Auto Sector Growth Slows in
China, but Market Still Massive
The key to China’s economic progress will be the rapid growth of the country’s middle class. In a research finding, Credit Suisse predicted that the household wealth in the country will double to $35.0 trillion by around 2015, based on achieving sustainable GDP growth at or near the current growth rate.
The economic analysis is simple; the extra renminbi mean more cash to spend on non-essential goods and services. This includes furniture, real estate, vehicles, and travel. The mobile phone market is staggering at nearly 900 million users, which I discussed in “China’s Mobile Sector Still Sizzling.”
An area in China that I continue to believe has tremendous long-term potential is the auto sector, but the short term will pose hurdles.
I have been a big supporter of the Chinese auto sector, but sales have been slowing as the government eliminated credits for fuel-efficient cars in 2011 and, in trying to ease the traffic congestion on Chinese highways, set a quota on vehicles sold.

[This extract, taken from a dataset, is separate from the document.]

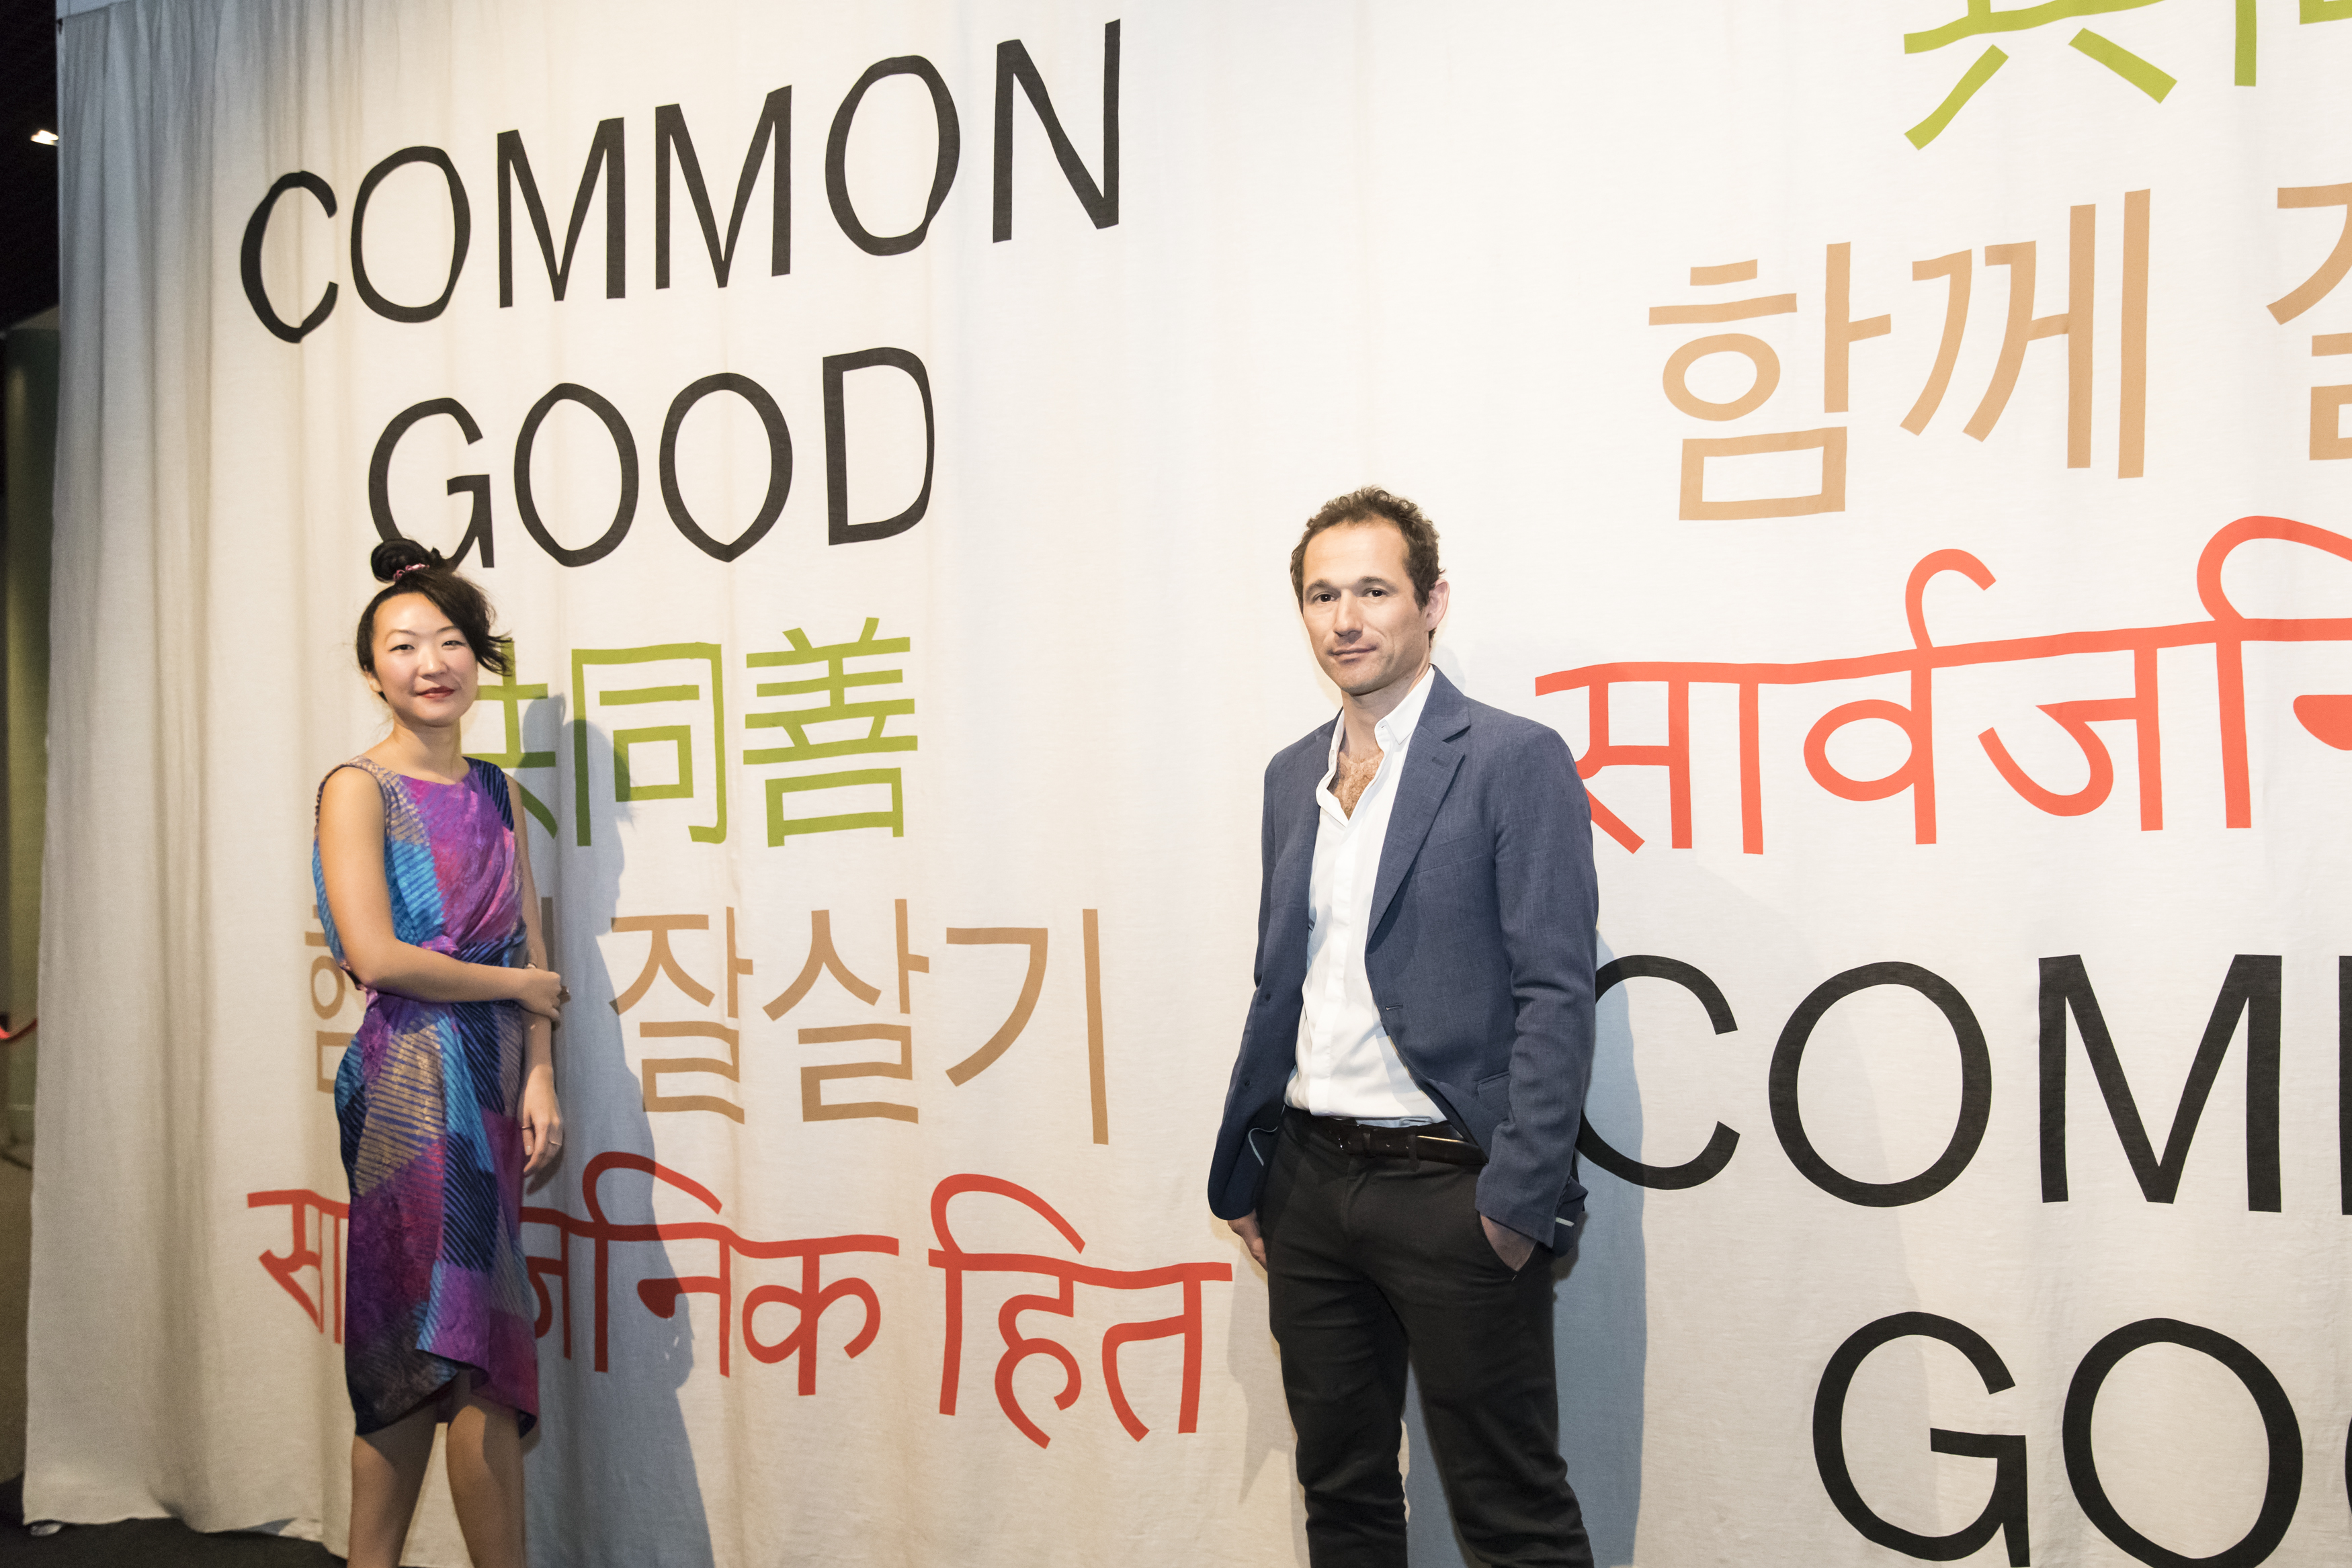 Man and woman posing in front of a curtain with Common Good written on it in various languages.

The slowing is quite evident. In the first quarter of 2012, auto sales fell 1.2% in China. In the 11 months to November 2011, auto sales increased a trepid 2.6% year-over-year to 16.8 million units, down from a staggering 30.0% and 50.0% growth in 2010 and 2009, respectively, according to the China Association of Automobile Manufacturers (CAAM). The growth in 2011 is the lowest since 1999 and clearly poses issues for carmakers.
Yet there are some positives for the foreign carmakers operating in China. Sales of foreign vehicles continue to top the charts, while the domestic brands fell 2.3% for the first 11 months of 2011, representing only around 33.0% of total sales in the period.

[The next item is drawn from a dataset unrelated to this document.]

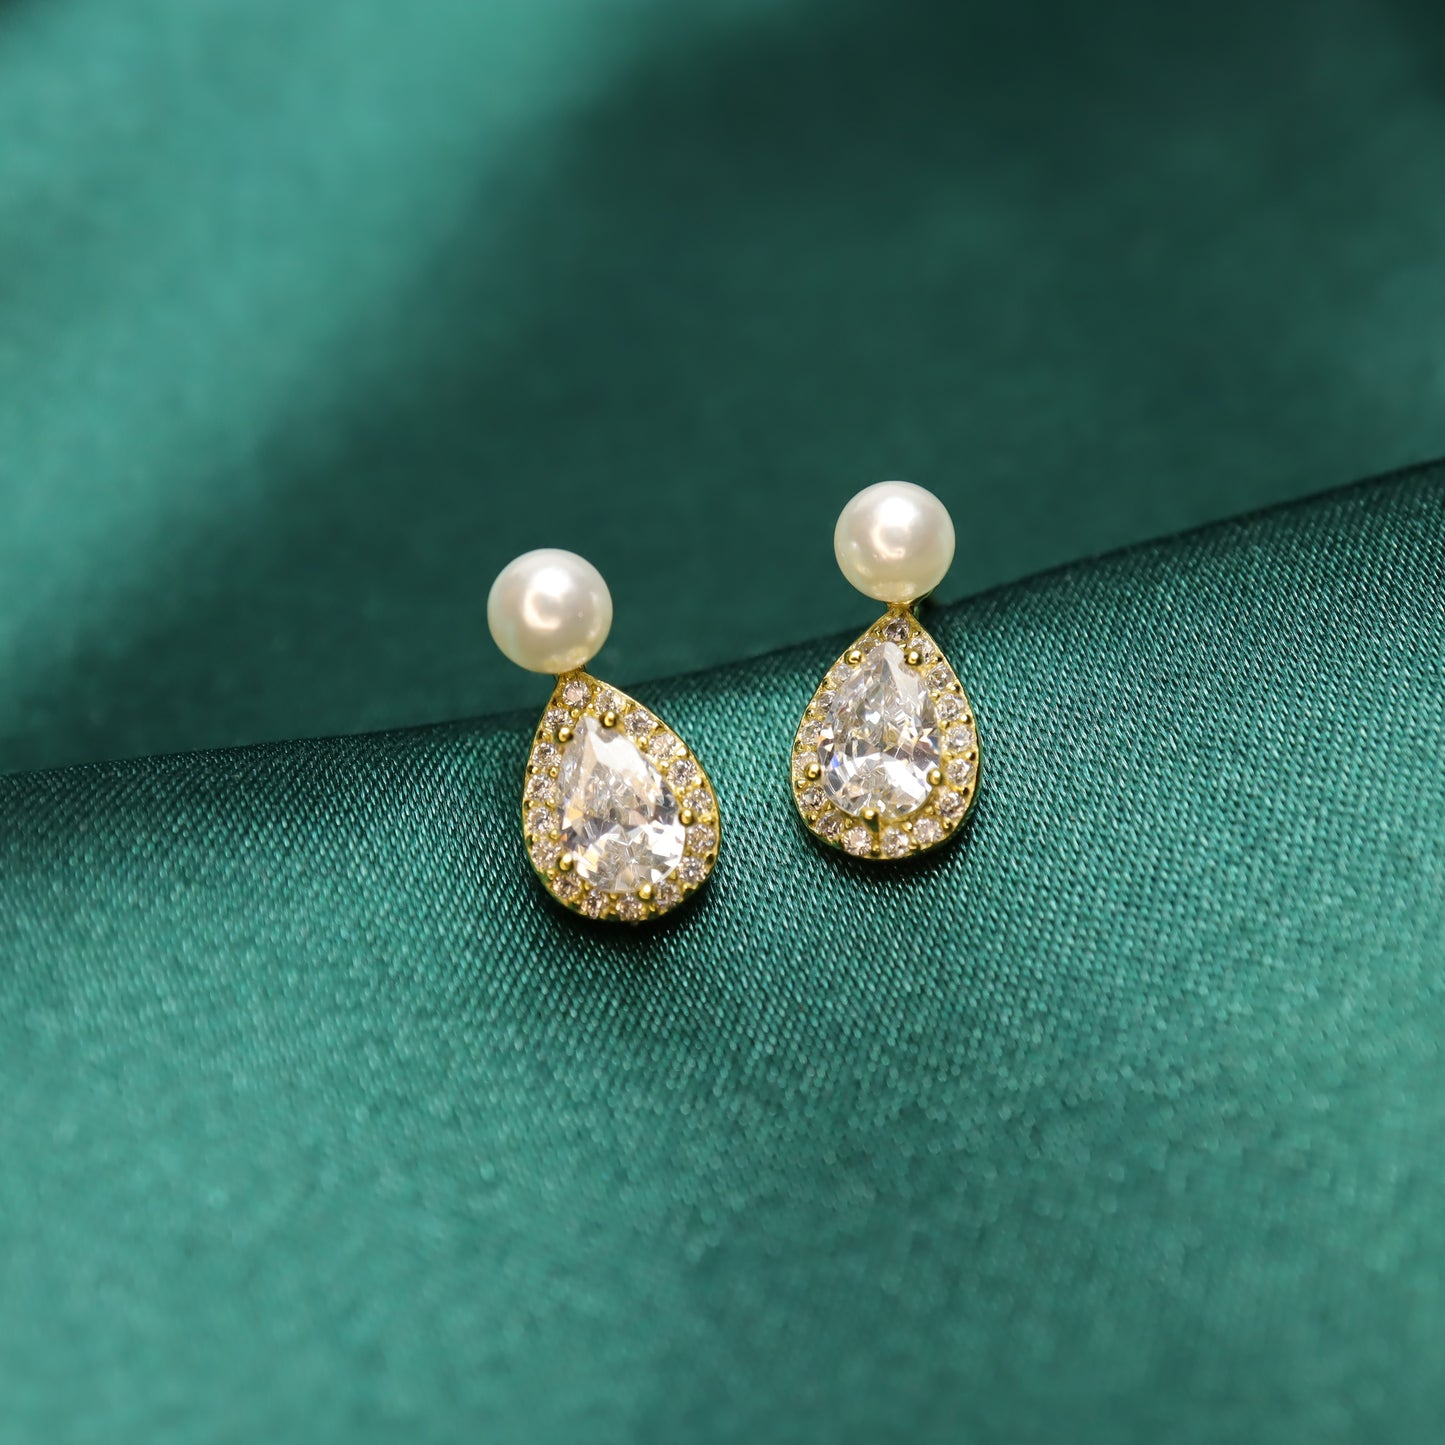 French Noble Pearl S925 Sterling Silver Teardrop Stud Earrings (Color: Gold)

You don’t have to tell General Motors Company (NYSE/GM) to go to China and look for growth opportunities. The company has three of its vehicles on the top-10 list for best-selling cars in China, including the “Buick Excelle” as the top seller and the “Chevrolet Sail” in number two.
The other top 10 are all foreign carmakers with the exception of Chinese BYD Auto Co., with its “Great Wall Haval” in tenth position.
The world’s automakers know that to grow, you need to have a presence in China’s auto sector, whether in a venture with a Chinese company or as a standalone manufacturer of vehicles. The auto sector is currently in flux, but companies need to be there.
Foreign cars are viewed as top-quality products in China, which is not a surprise given the widely known quality issue of domestic Chinese vehicles.
Can you imagine GM is known as a quality brand in China?
As well, GM is the top auto seller in China. GM and its Chinese partners sold a record 2.5 million vehicles in 2011, well above its U.S. sales. The “Buick” brand was tops for GM at 645,537 vehicles, up 17.4% year-over-year. Its “Excelle” brand sold a record 253,514 units.
GM is focusing its growth in China as it feels the steady rise in the middle class will drive the demand for cars. The automaker announced plans to invest a minimum of $5.0 billion in China in an effort to reach a sales target of five million vehicles by 2015.
There is clearly some slowing in the Chinese auto market, but I view dips as an opportunity to buy for those with a longer-term view.
There are numerous ways to play the Chinese auto sector. You can buy an auto company with exposure to China, such as the major global automakers. Alternatively, you can buy Chinese auto-parts makers. Some Chinese auto plays to take a look at include China Automotive Systems, Inc. (NASDAQ/CAAS) and SORL Auto Parts, Inc. (NASDAQ/SORL).